The CDC‘s last survey in 2008 estimates that 9% of United States adults suffer from depression. These estimates do not include the states of Kentucky, New Jersey, North Carolina, Pennsylvania and South Dakota who did not participate in the survey.
The CDC report disclosed observable patterns to the statistics. Depressive illness was higher among
- middled aged individuals 45-64
- blacks, Hispanic individuals and people of other race, and mixed race
- individuals with less than a high school education
- those who had been previously married
- people who were unemployed or unable to work
- those without health insurance.
The highest levels of the illness were more evident in the south and the lowest levels in the northern states. Individuals with chronic diseases reported higher levels of depressive illness than those who were healthy. There was a definite correlation between healthy habits and feelings of well being. These patterns applied to major depressive episodes as well as less severe conditions.
What is Depression?
Mental Health Today provides the Diagnostic and Statistical Manual of Mental Disorders (DSM) list of criteria for depressive episodes which is created by the American Psychiatric Association. The last revision was DSM-IV in the early 1990’s.

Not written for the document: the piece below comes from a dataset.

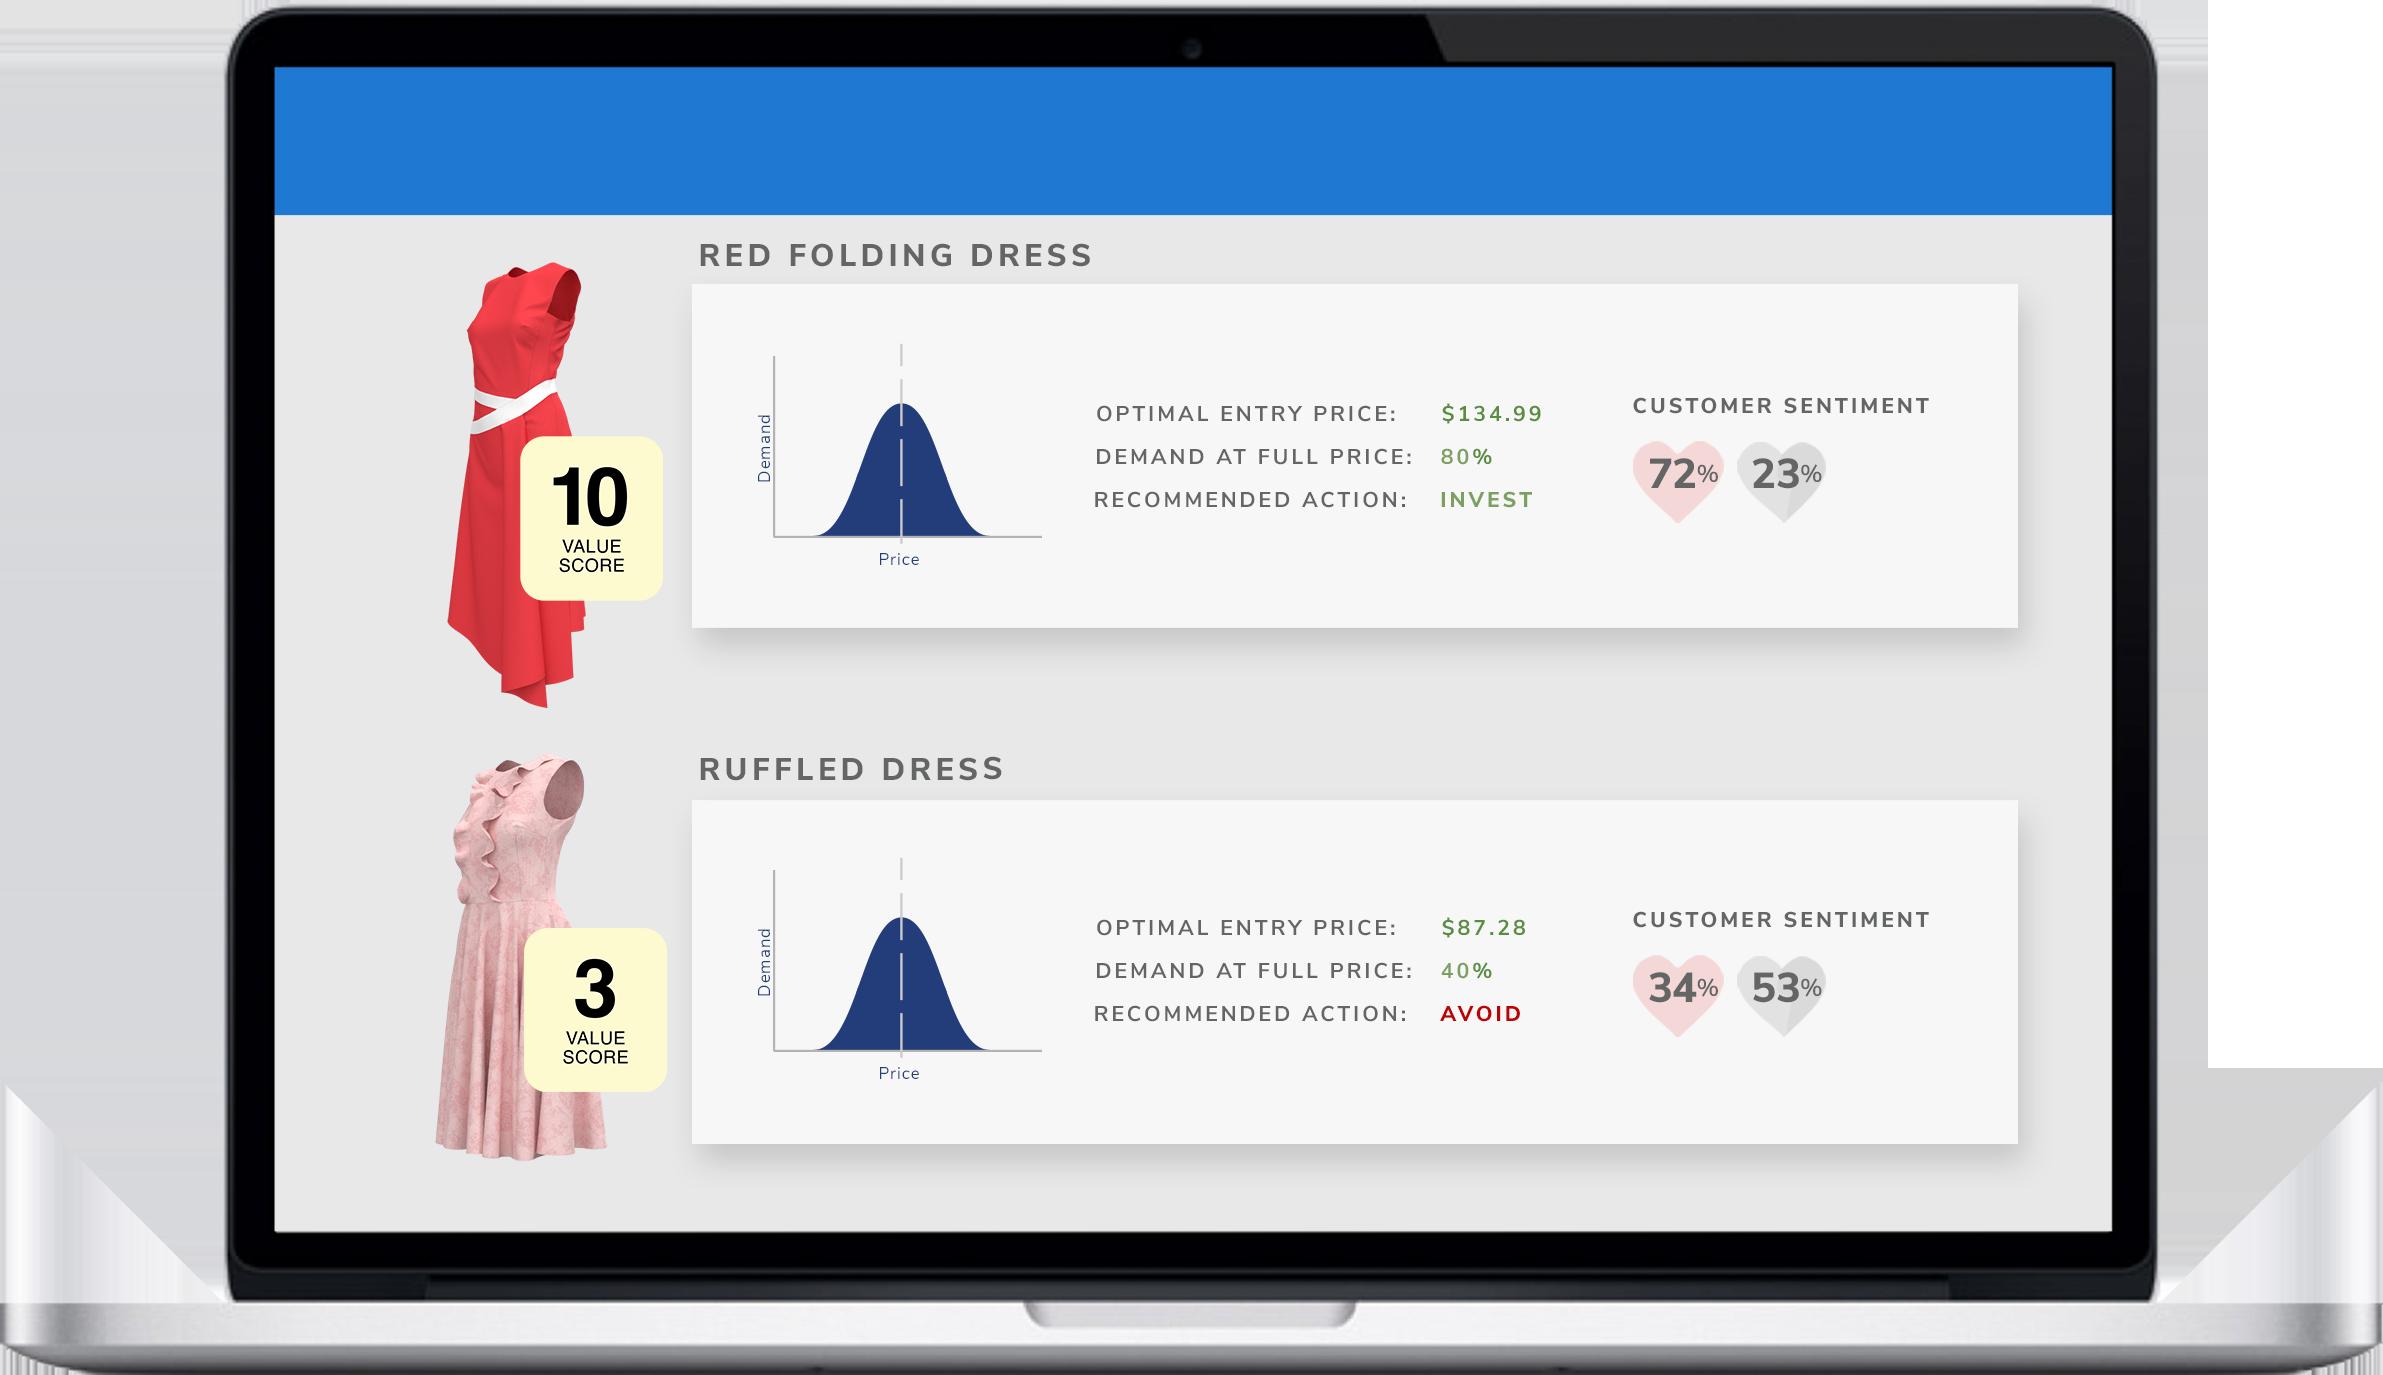 Results Screen Dresses - Mac Book
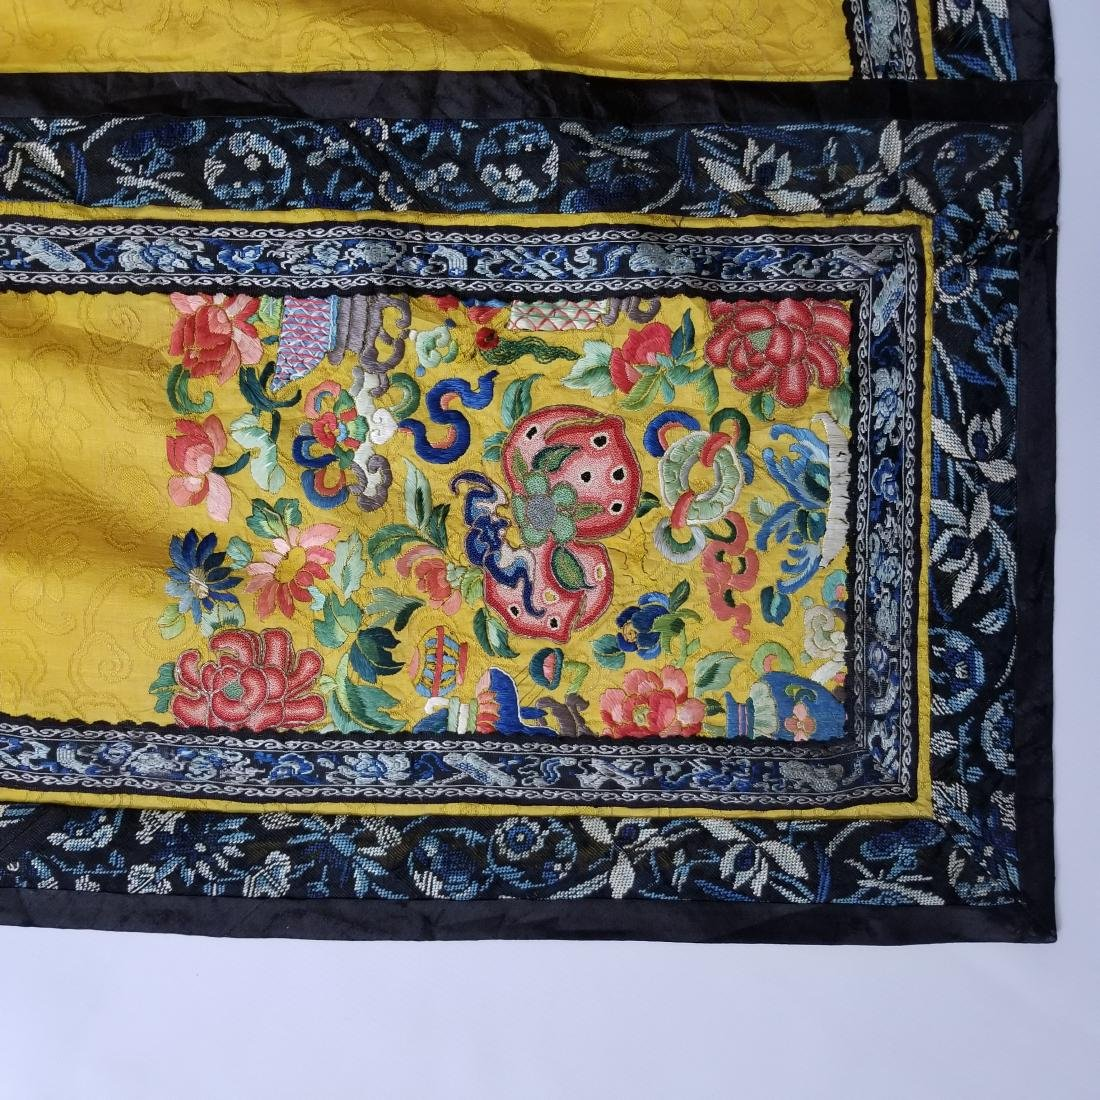 Antique Chinese Silk Hand Embroidered Skirt Forbidden - 2

There was a definite correlation between healthy habits and feelings of well being.
According to DSM-IV these are the possible signs of depression:
- depressed mood most of the day
- lack of interest in activities
- significant weight loss or weight gain
- insomnia or excessive sleep
- functioning faster or more slowly or being restless
- low energy every day
- negative feelings toward the self, like worthlessness or guilt
- inability to focus, concentrate or make decisions
- thoughts, plans or actions to carry out suicide.